If $S \subset A$, then $\overline{S} \subset \overline{A}$ (see this). But then since $\overline{A}\cap B=\emptyset$, $\,\overline{S}\cap B=\emptyset$, contradicting the premise that $\{A,B\}$ is a 2-block partition of $\overline{S}$. So $S \cap B \ne \emptyset$,

Using a symmetric argument, $S \cap A \ne \emptyset$.

So $\{S \cap A, S \cap B\}$ is a 2-block partition of $S$,

$$\tag 1 S = [S \cap A] \; \bigcup \; [S \cap B]$$

To show that $S$ is discounted we'll use the theory found in this math.stackexchange post

$\quad$Closure of a subset of a subspace of a topological space

So, denoting the closure of $S \cap A$ in $S$ by $\overline{S \cap A}^{(S)}$, we have

$$\tag 2 [\overline{S \cap A}^{(S)}] \cap [S \cap B] = [S \cap \overline{S \cap A}] \cap [S \cap B] $$

We have

$\quad \overline{S \cap A} \subset \overline{S} \cap \overline{A} \quad$ (the closure of an intersection of sets is always
$\quad \quad \quad \quad \quad \quad \quad \quad \;$ a subset of the intersection of the closures of the sets)

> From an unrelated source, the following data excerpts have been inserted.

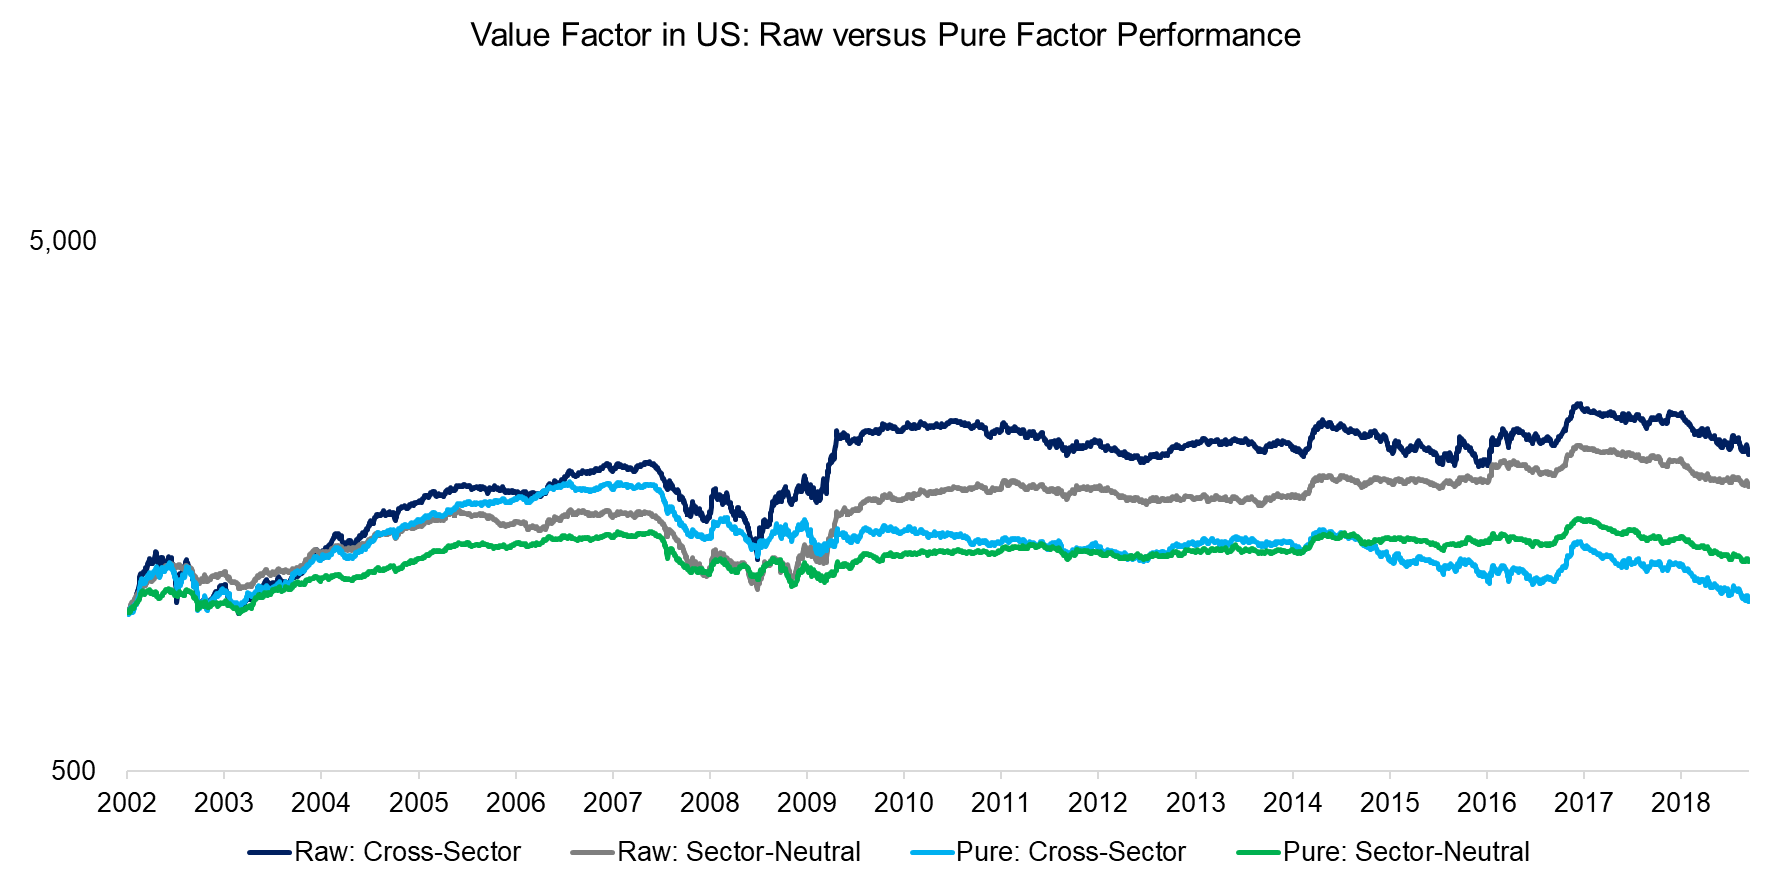 Value Factor in US Raw versus Pure Factor Performance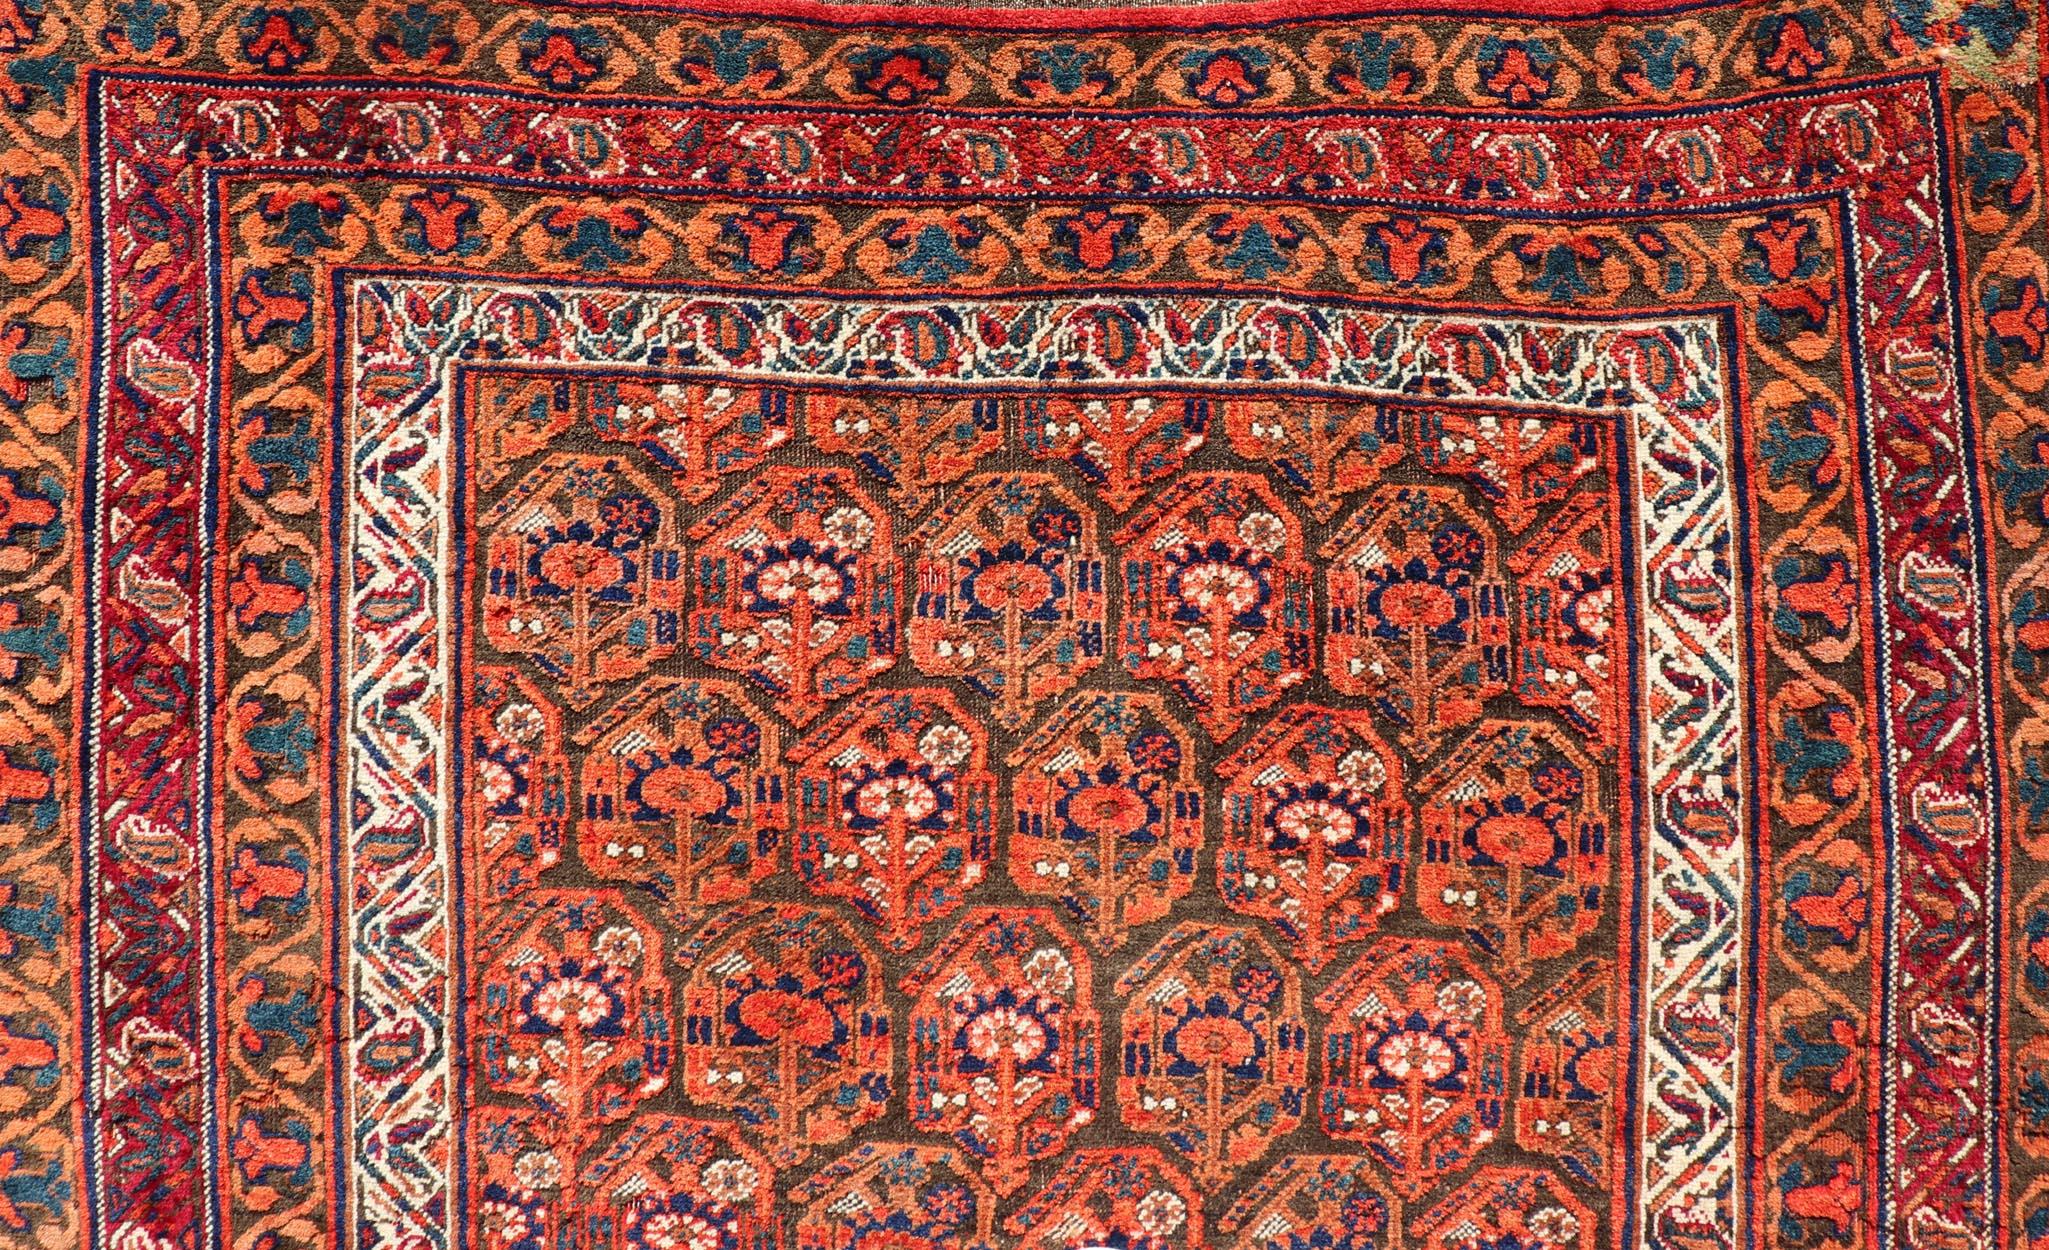  Fine Persian Antique Afshar Rug in Orange and Copper Background & Multi Colors In Good Condition For Sale In Atlanta, GA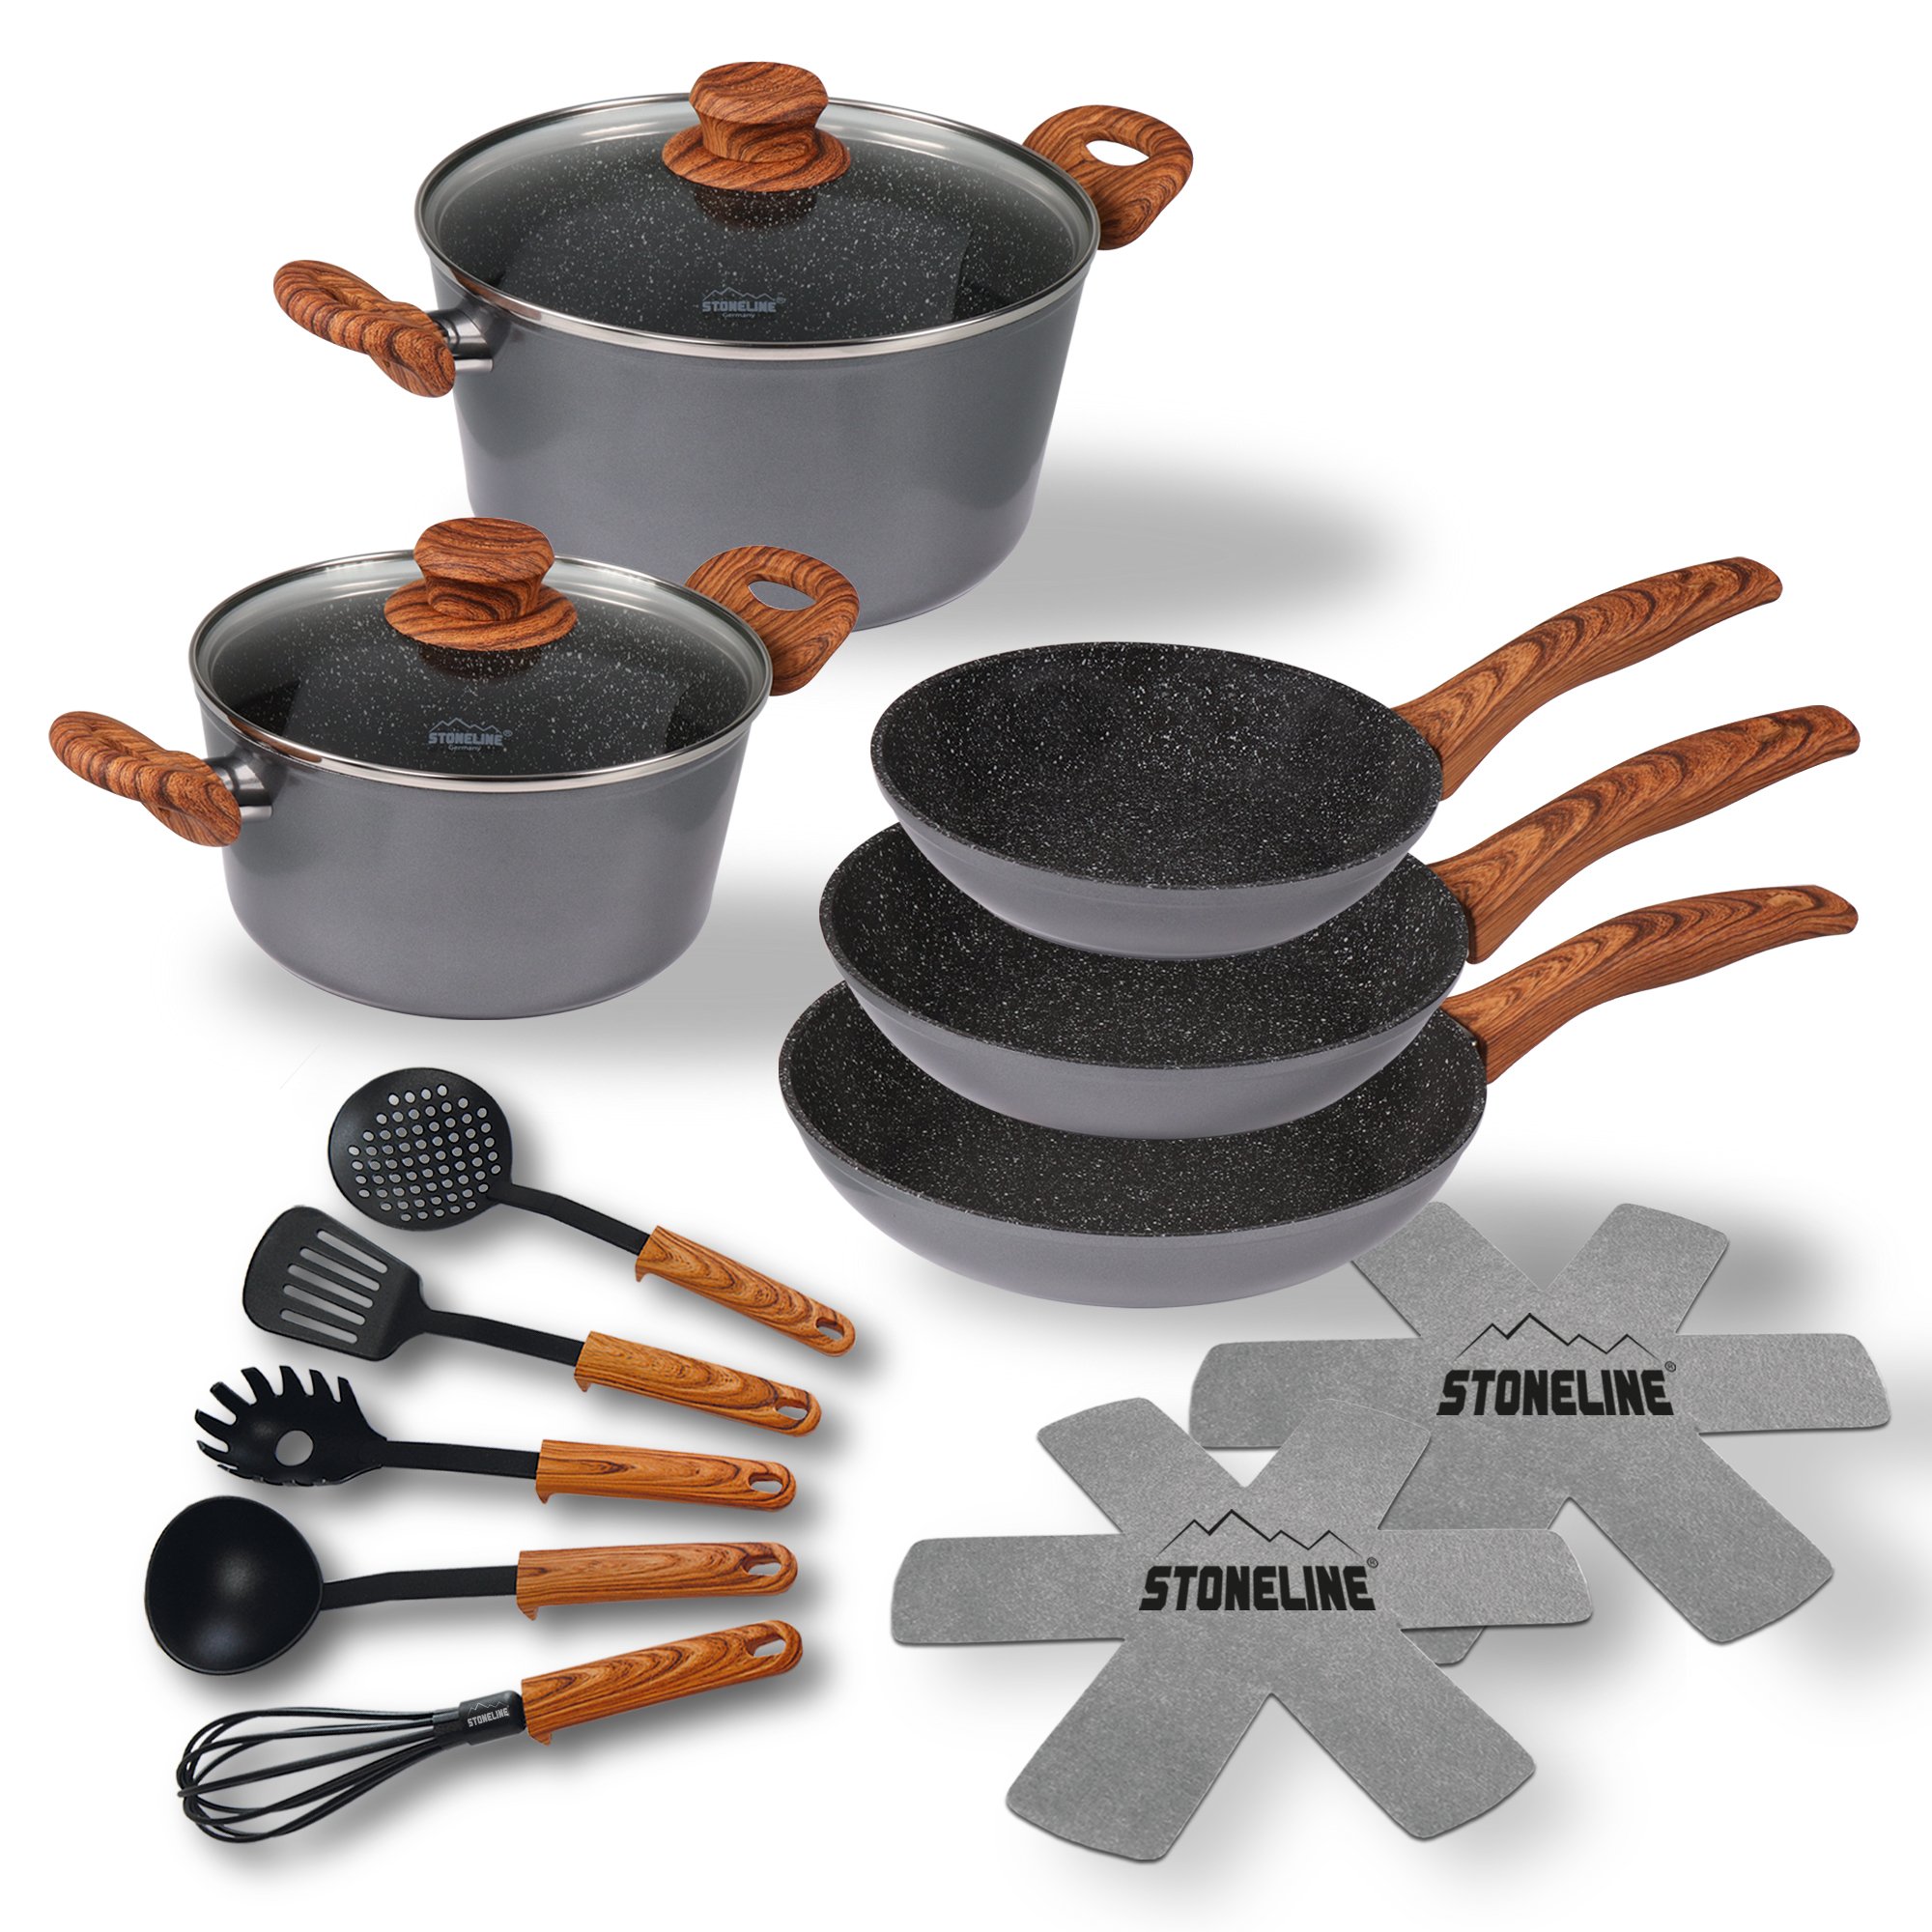 STONELINE® 14 pc Cookware Set, with Lids, Non-Stick Pots Pans | Back to Nature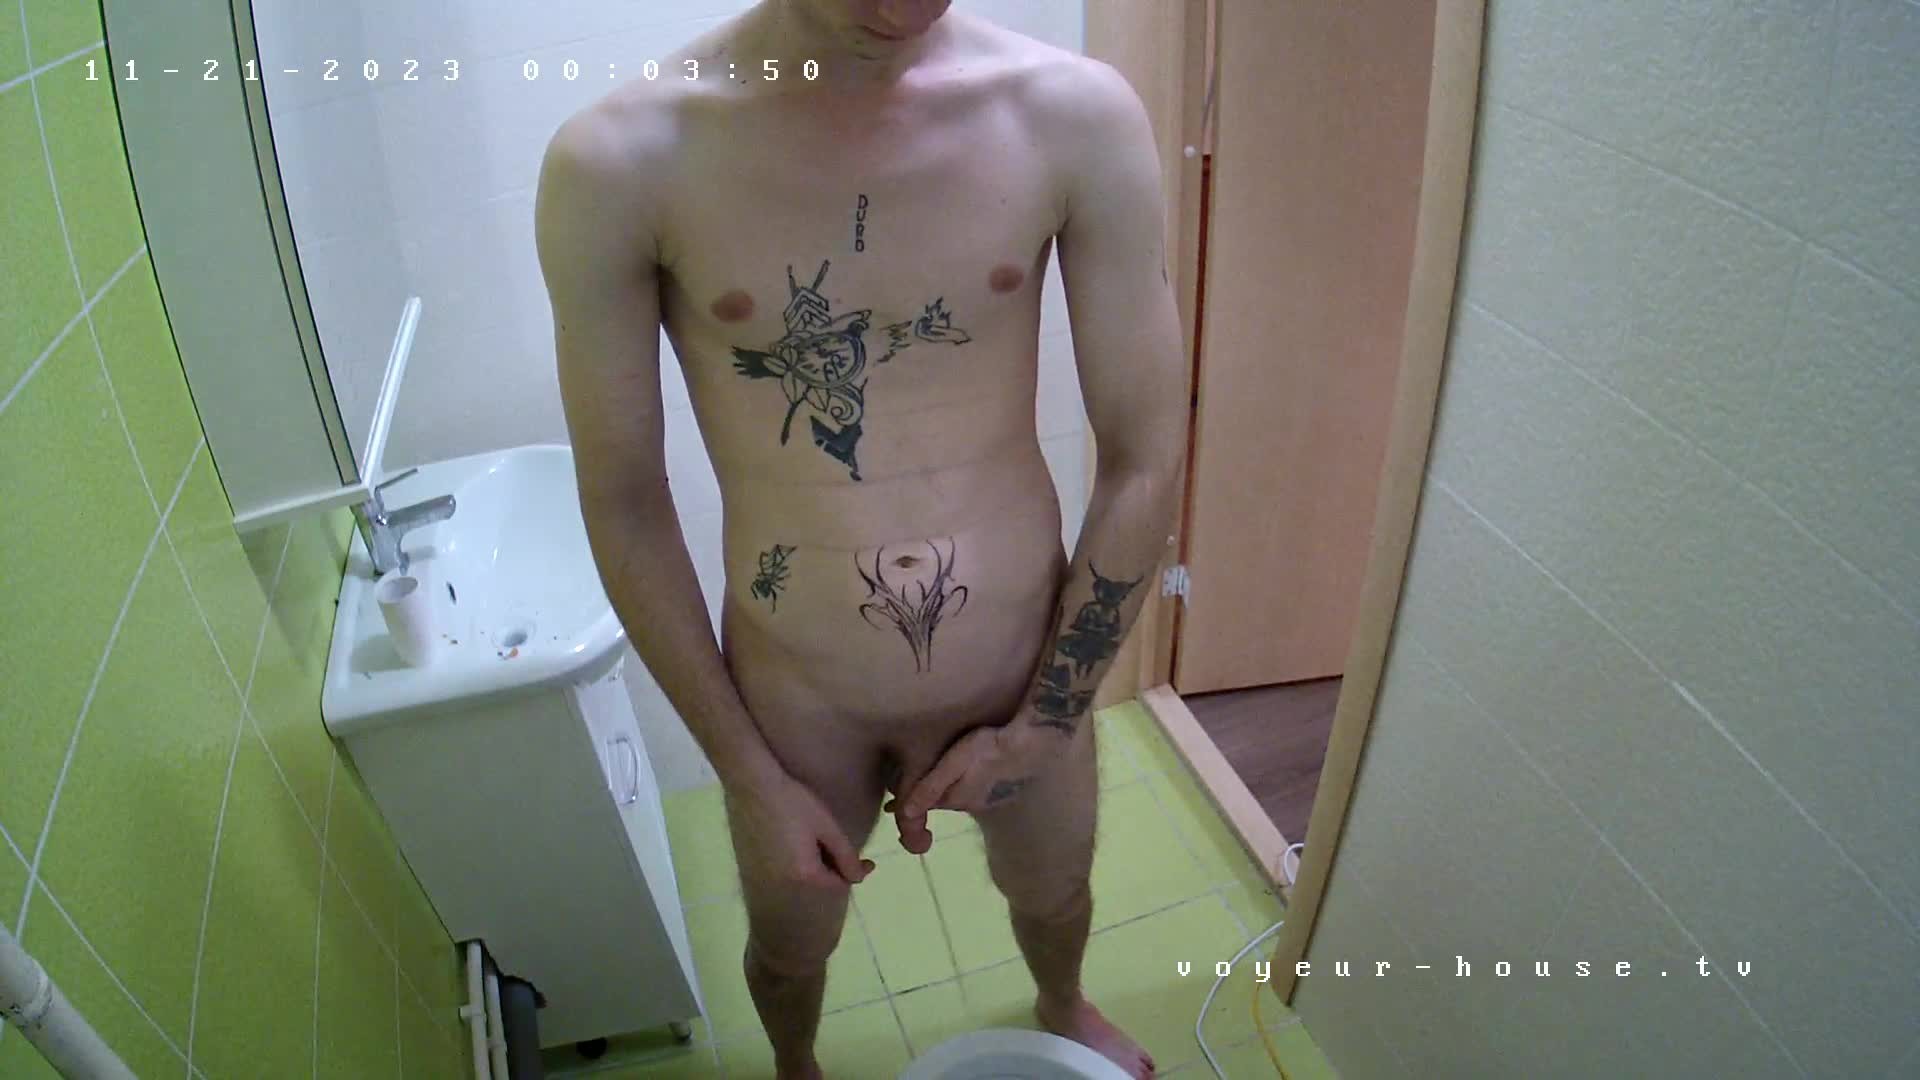 Naked Tristan peeing 21 Nov 2023

and since $\overline{A}\cap B =\emptyset$, we must conclude that

$\quad [\overline{S \cap A}^{(S)}] \; \bigcap \; [S \cap B] = \emptyset$

Symmetric logic allows us to write

$\quad [S \cap A] \; \bigcap \;[\overline{S \cap B}^{(S)}] = \emptyset$

We have shown that $S$ is disconnected. $\quad \blacksquare$